Взглянув на табор, Каспар увидел, что цыгане кончают запрягать повозки. Если бы не фырчание и храп лошадей, их сборы были бы бесшумными. Со стороны табора шел Паласар. Каспар обратил внимание, что теперь, на свету, он на самом деле выглядит моложе, чем казался в полутемных харчевнях постоялых дворов.
Недоброе утро, произнес Паласар, подойдя к своей кибитке.
Мы обычно говорим доброе утро, поздоровался Каспар.
Да, но оно в самом деле недоброе! Не для этих бедняг.
Меня не касаются их заботы, если они не касаются нас.
Боюсь, касаются. Лачо, их барон, я рассказывал о нем вечером, говорит, что в лесу дьявол.
Дьявол? Вот прямо с рогами и копытами? шутливо переспросил Каспар.
Бэнга. Вэшитко бэнга, что на их языке означает лесной дьявол, хотя какое представление имеют цыгане, говоря о дьяволе, для меня скрыто. Не думаю, что тот твой с рогами и, как ты говоришь, с копытами. У них была женщина, мудрая женщина, сведущая в Искусстве.
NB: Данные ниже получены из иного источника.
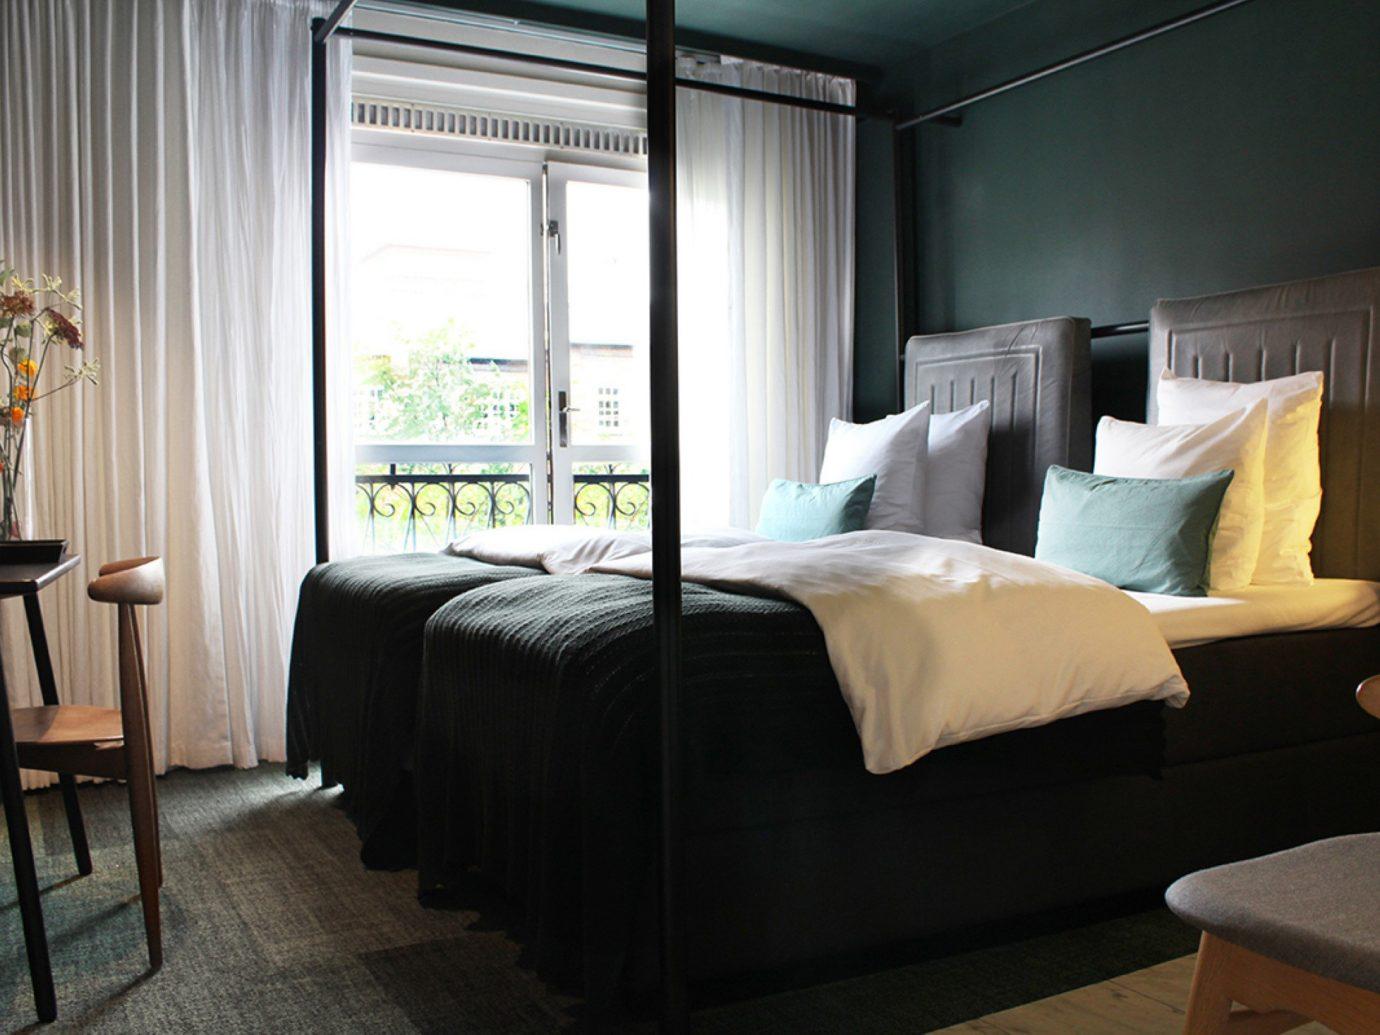 Boutique Hotels Copenhagen Denmark Hotels indoor floor wall bed hotel room chair Bedroom bed frame interior design desk Suite furniture mattress ceiling window lamp
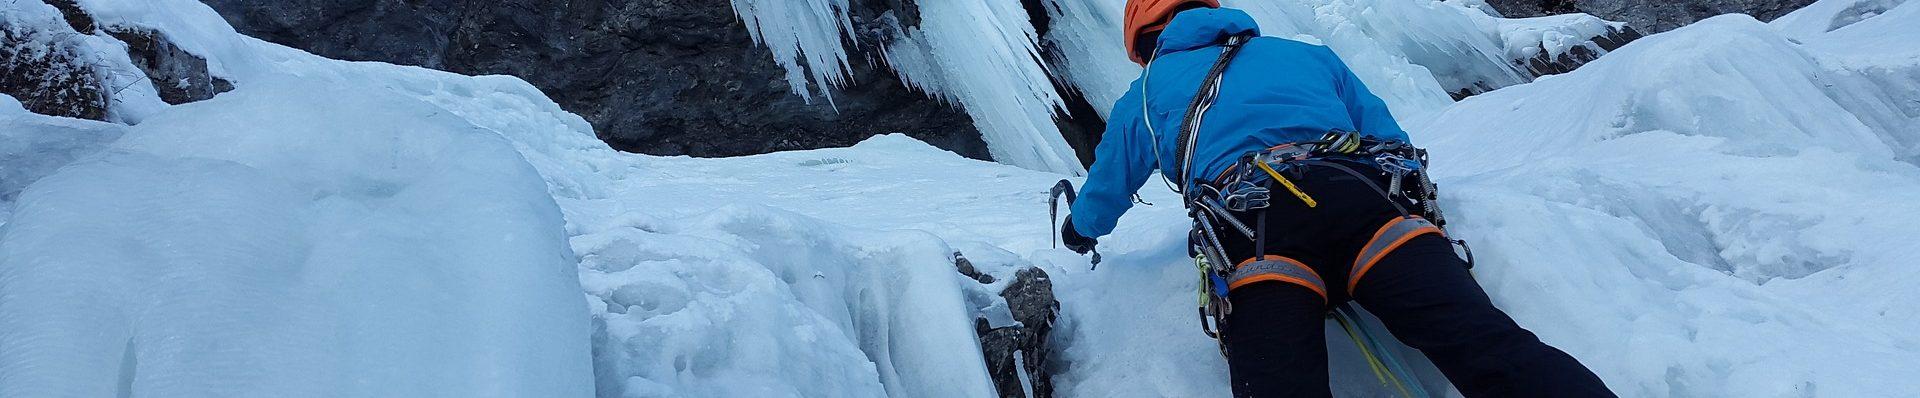 ice-climbing-3166077_1920

Она сказала, что в лесу живет дьявол, и отправилась в лес, чтобы учиться у него. Но третьего дня ее нет, они думают, что дьявол убил ее, и им опасно ждать. Ночью ее ученица гадала на ее смерть. Она разрезала курицу, но когда она просила дьявола отпустить ту женщину, выпотрошенная курица ожила. Теперь они боятся и уходят. Пойдут за Хундретвассер, подальше от этих мест.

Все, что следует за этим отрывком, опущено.